Sex disaggregation of social media posts

PARTNERS: Data2X, University of Leiden

PROGRAMME AREA: Real-time Evaluation 

LAB: Pulse Lab New York

DOWNLOAD SUMMARY: UN Global Pulse, 'Sex-Disaggregation of Social Media Posts,' Big Data Tools Series, no. 3, 2016 [PDF]


The plight of women and men differ in many ways and one step towards understanding those differences is sex-disaggregation of available data. Global Pulse collaborated with Data2X and the University of Leiden to develop and prototype a tool to infer the sex of users. The tool automates the process of looking up public information from Twitter profiles, in particular the user name and profile picture. Using open source software, the tool analyses user names from a built-in database of predefined names (from sources such as official statistics) that contain gender information. User name alone may sometimes not be enough to discern sex, in which case the tool analyses profile photos, using face recognition software. 

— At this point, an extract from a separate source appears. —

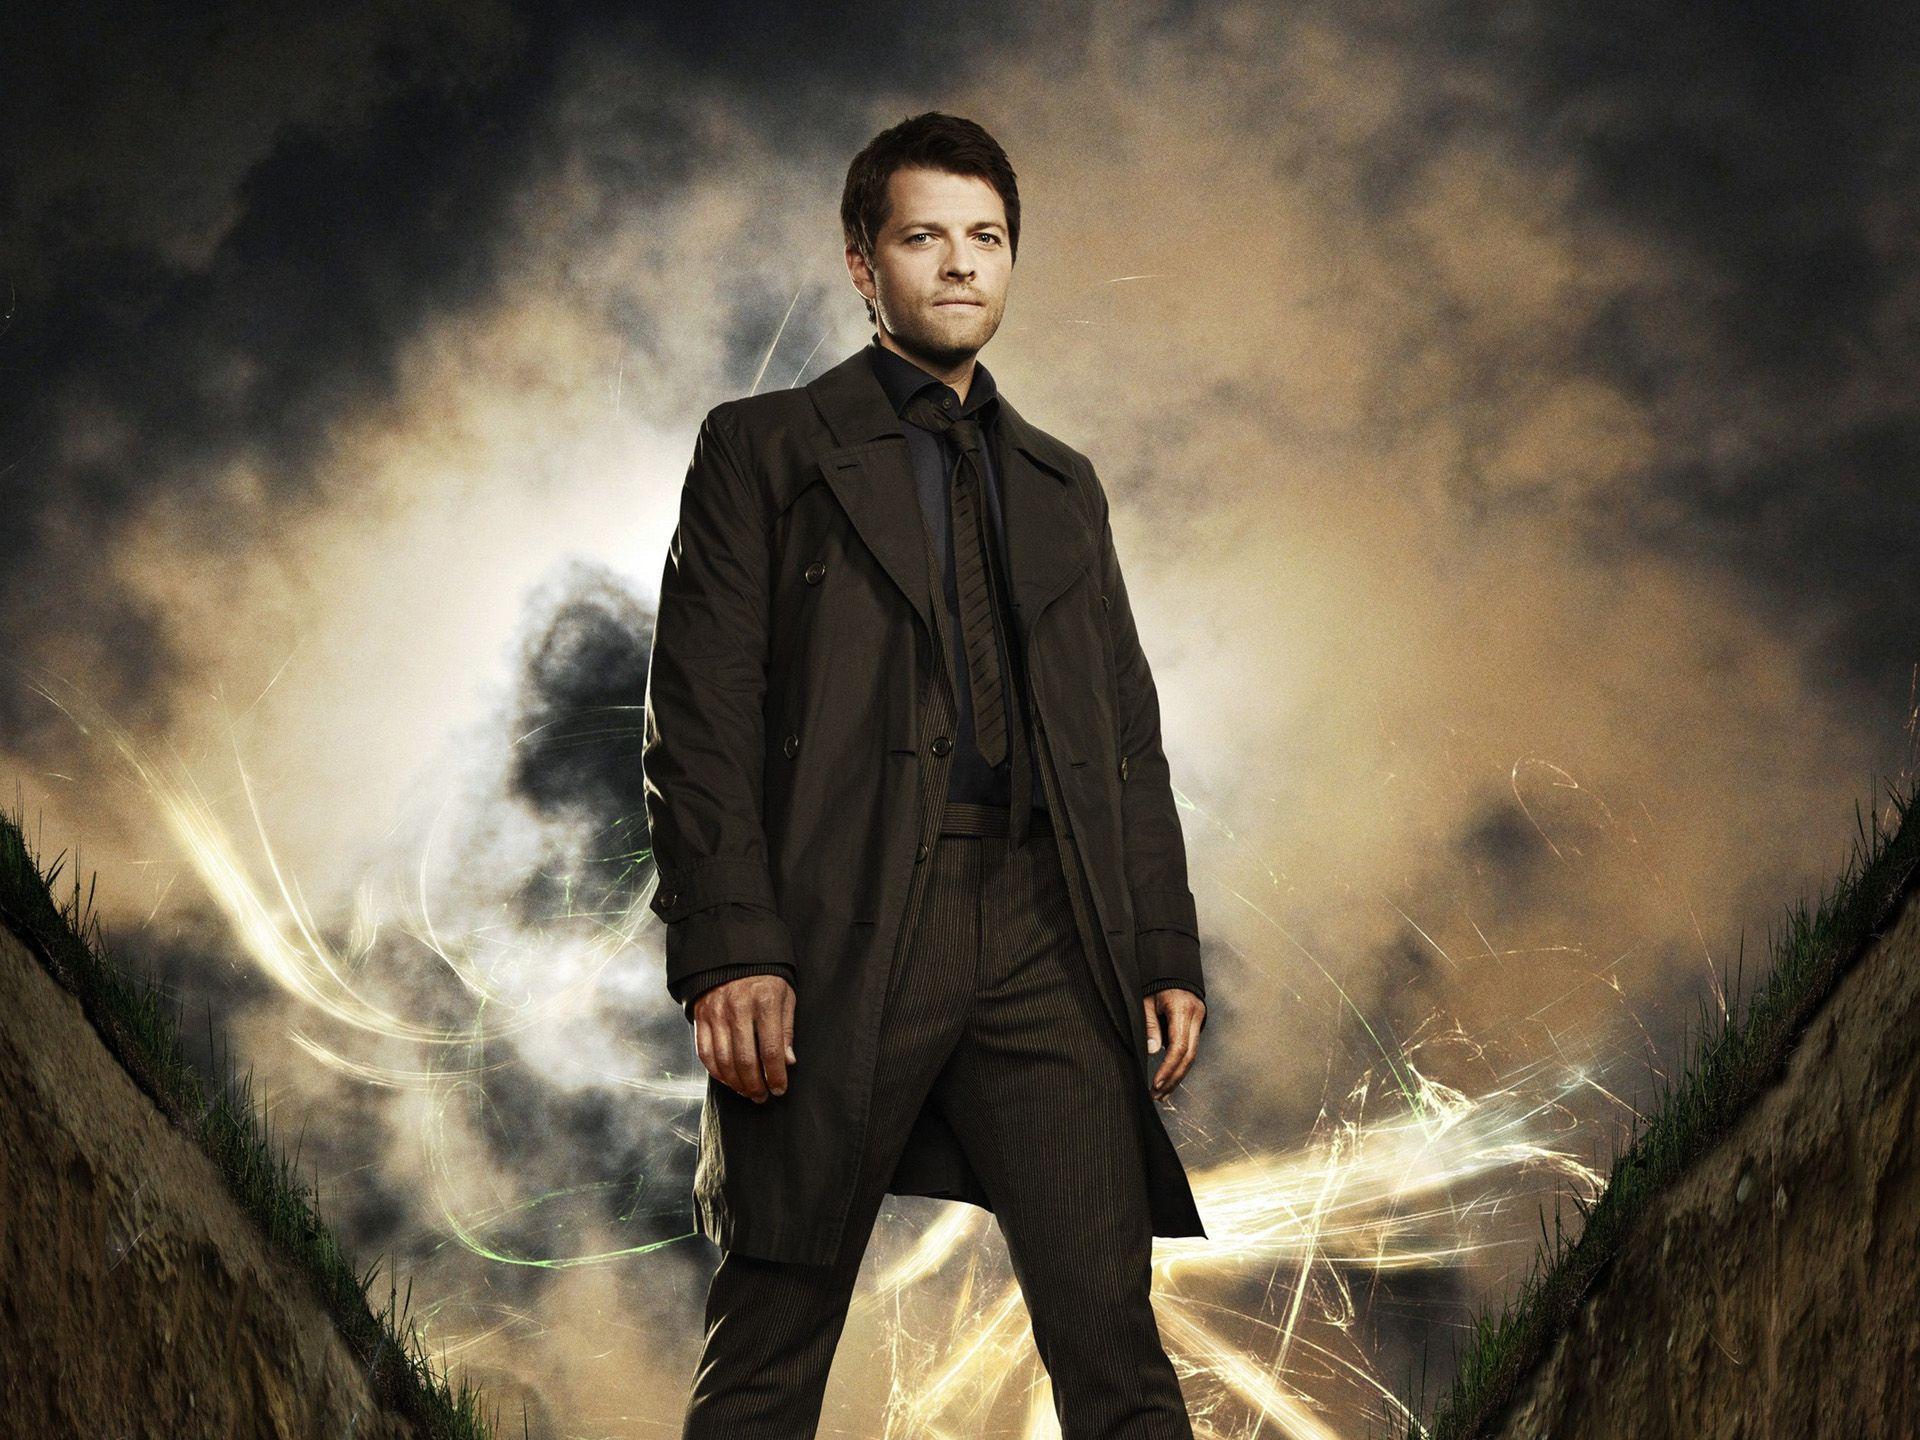 Supernatural Season 5 Wallpaper
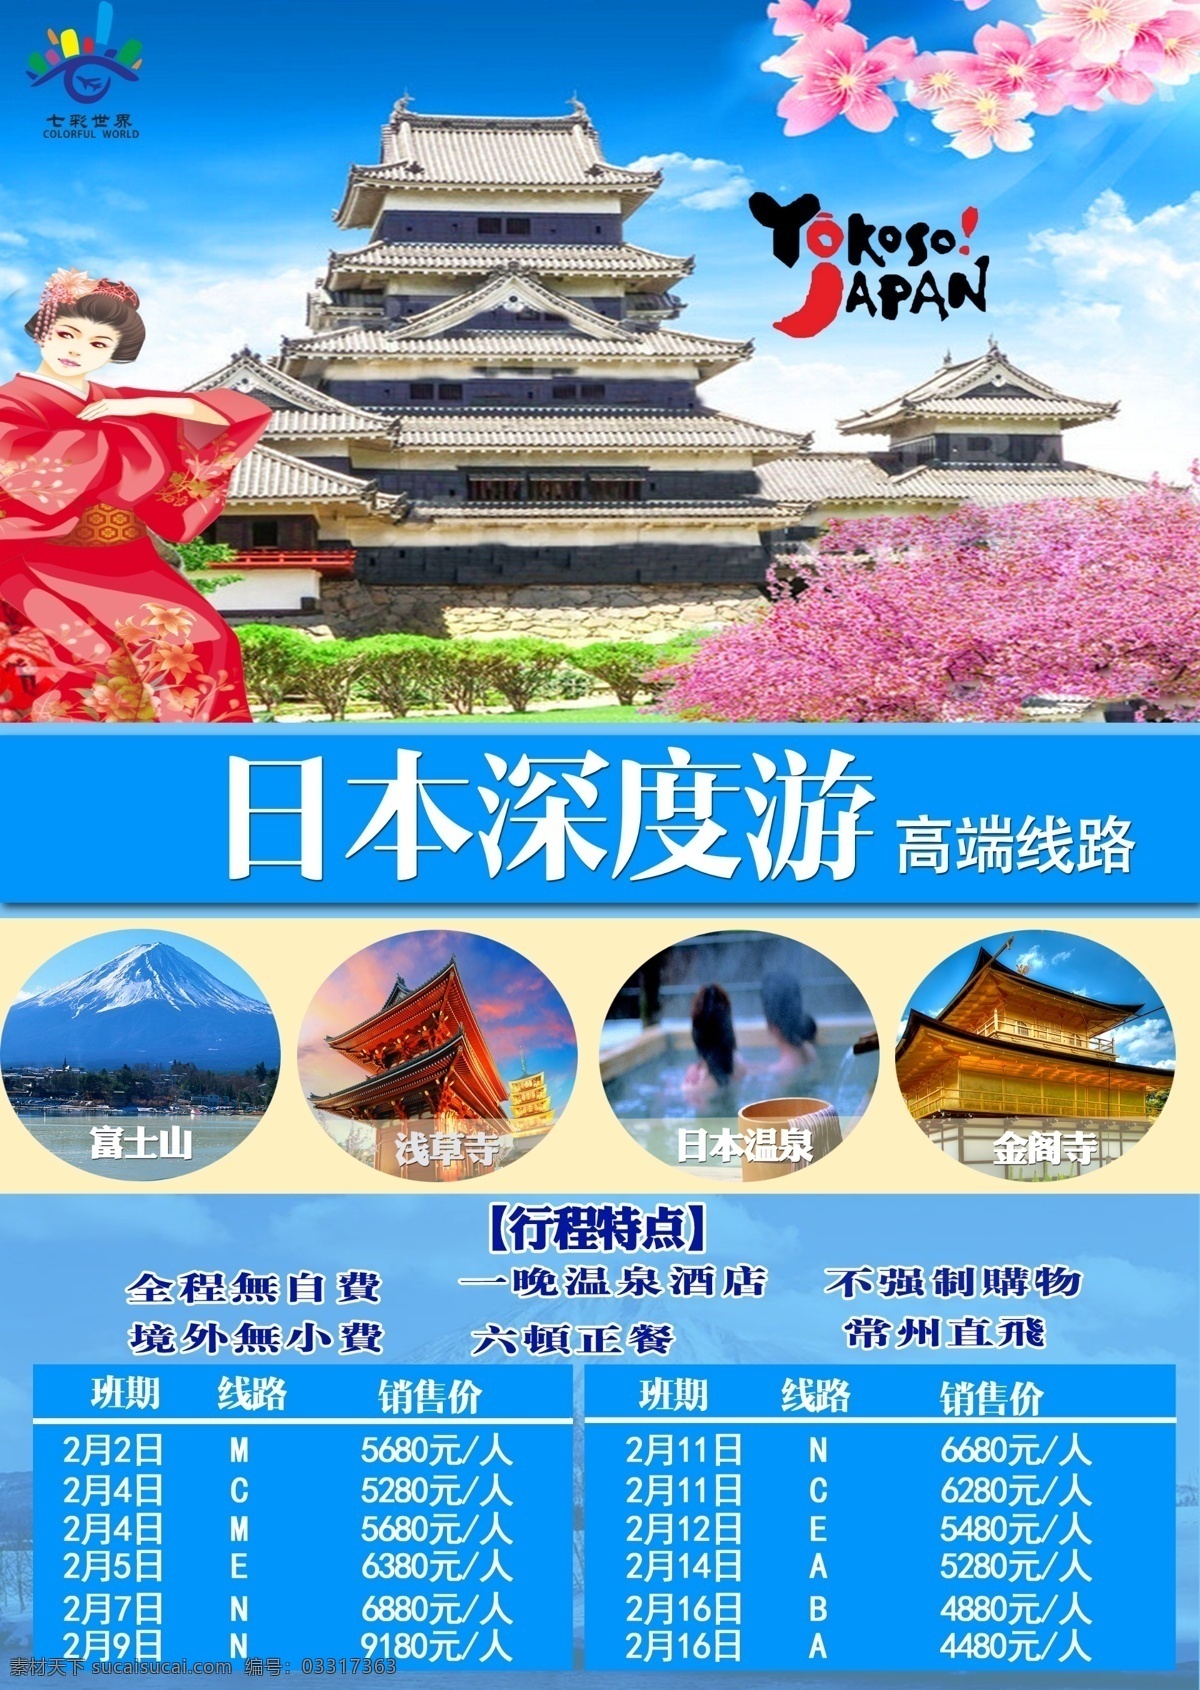 日本旅游 日本印象 带着父母旅行 ps文件 蓝色

Global Pulse used the sex-disaggregation tool to improve an existing real-time online dashboard showing the volume of tweets around priority topics related to sustainable development. The tool was tested on more than 50 million Twitter accounts and you can view the results of applying the tool at:

By embarking on the development of this prototype tool, and testing it on Global Pulse’s dashboard of global development tweets, the tool shows several early examples of the insights that can be gleaned about the differences between how men and women discuss global development on social media.